1回 何故、SAP S/4HANAに移行するのか?目的の作り方
第2回 移行オプションの選択とプロジェクトの進め方を知ろう
第3回 SAP Readiness Checkとシステムコンバージョンのステップを知ろう
第4回  主に気を付けるべきSAP ERPとSAP S/4HANAの機能差とは?
第5回 カスタムコード(アドオン)はどのように移行できるのか?
第6回 SAPサービスによるSAP S/4HANA移行支援とは?

何故、SAP S/4HANAへの移行が必要なのか?

SAPはインテリジェント・サステナブルエンタープライズを提唱しており、そのための包括的なソリューションとテクノロジーの製品群を提供しています。この中で企業内の業務連携を実現するビジネスアプリケーション群の基幹・コアとなるアプリケーションが、SAP S/4HANAになります。従って、SAP ERPのお客様がインテリジェント・サステナブルエンタープライズにトランスフォーメーションしていくためには経営プラットフォームとしてのERPをSAP S/4HANAに移行していただくことが重要となります。

移行の目的とProcess Discoveryによる現状分析

全社的なトランスフォーメーションプロジェクトでは、優先度の高い経営課題に焦点を当て、改善効果を上げることを目指します。経営課題の現状を理解するに当たって、現行ERPに蓄積された生データは重要なインプット情報となります。このERPに蓄積されたデータを元にビジネスプロセスの課題状況を分析するツールがProcess Discovery / Process Insightsです。今回はProcess Discoveryを中心に取り上げます。

Process Discoveryでは、主要な6つの業務領域、12のバリュードライバーに対して、お客様の本番システムからプロセスパフォーマンス指標(PPI)を抽出します。そのPPIを業界のベンチマークと比較して、赤・黄色・緑の信号機でレーティングを行います。赤信号は業界他社と比較して数値が悪く、潜在的な課題があることを示します。

また、SAP S/4HANAが潜在課題に対してどのように役立つかの情報も得ることができます。例えば、債権処理の自動化率や在庫日数削減が課題として挙がった場合、その領域でのSAP S/4HANA関連の新機能の情報が提示されるため、課題解決に効果のあるSAP S/4HANA関連機能も理解することができます。

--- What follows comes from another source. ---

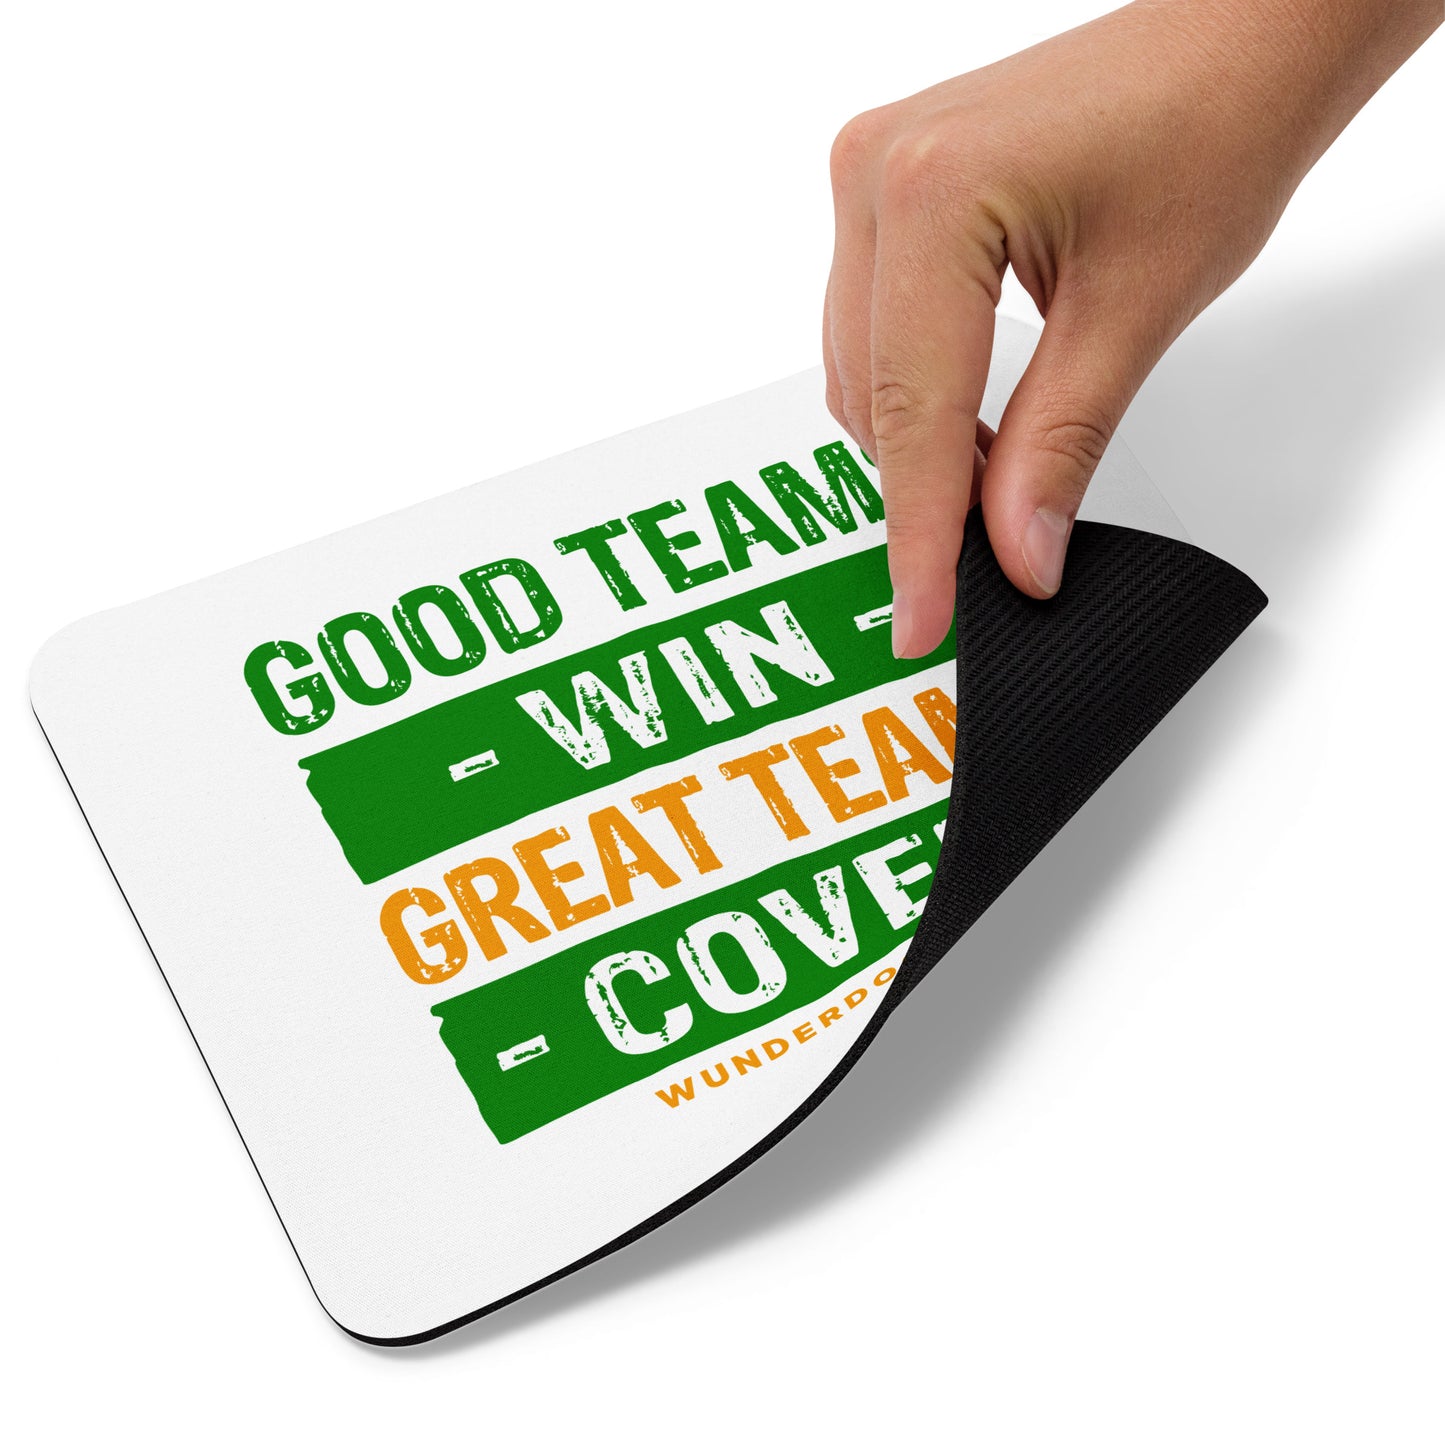 Great Teams Cover Mouse Pad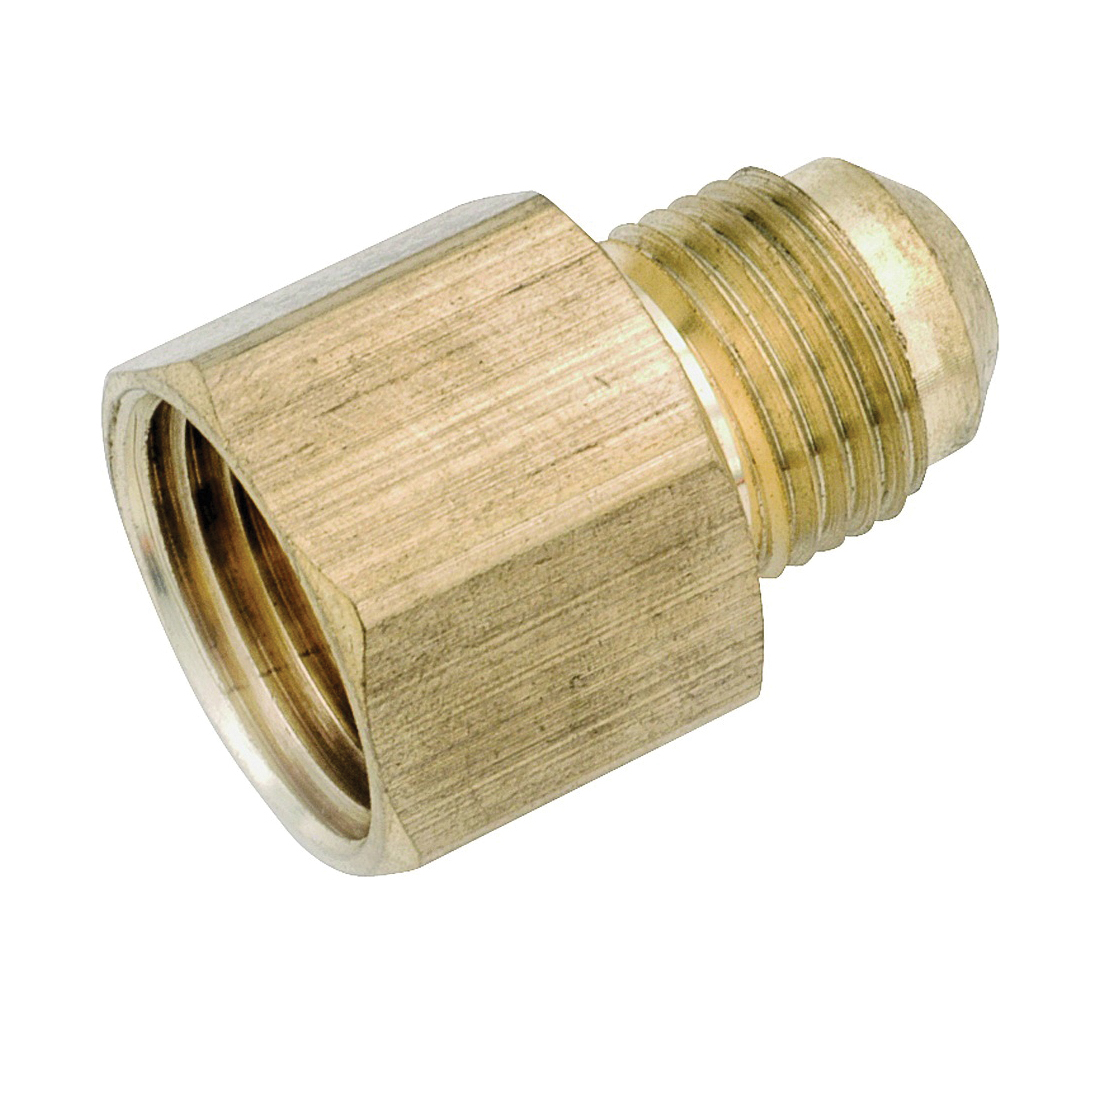 Anderson Metals 754046-0812 Tube Coupling, 1/2 x 3/4 in, Flare x FNPT, Brass - 1

Process DiscoveryのレポートにはPDFサマリとオンラインダッシュボードがあり、オンラインダッシュボードではより詳細情報が表示されます。実行方法としてはお客様のERPシステムからデータを抽出した上で、Process Discoveryのサイトにデータをアップロードし、SAP側でレポートを生成する、という流れですが、詳しい手順は以下のブログをご覧ください。
SAP Business Scenario Recommendations on Spotlight の概要およびレポート作成手順
Process Discovery for SAP S/4HANA Transformation のレポート照会方法について
Process Discoveryは無償の1回限りの分析ですが、継続的にモニタリングをして詳細分析を行っていく場合には、製品版のProcess Insightsを活用いただけます。

ここまで、Process Discoveryを活用してプロジェクト目的である経営課題の現状分析とSAP S/4HANA化により改善効果のあるソリューションについて見てきました。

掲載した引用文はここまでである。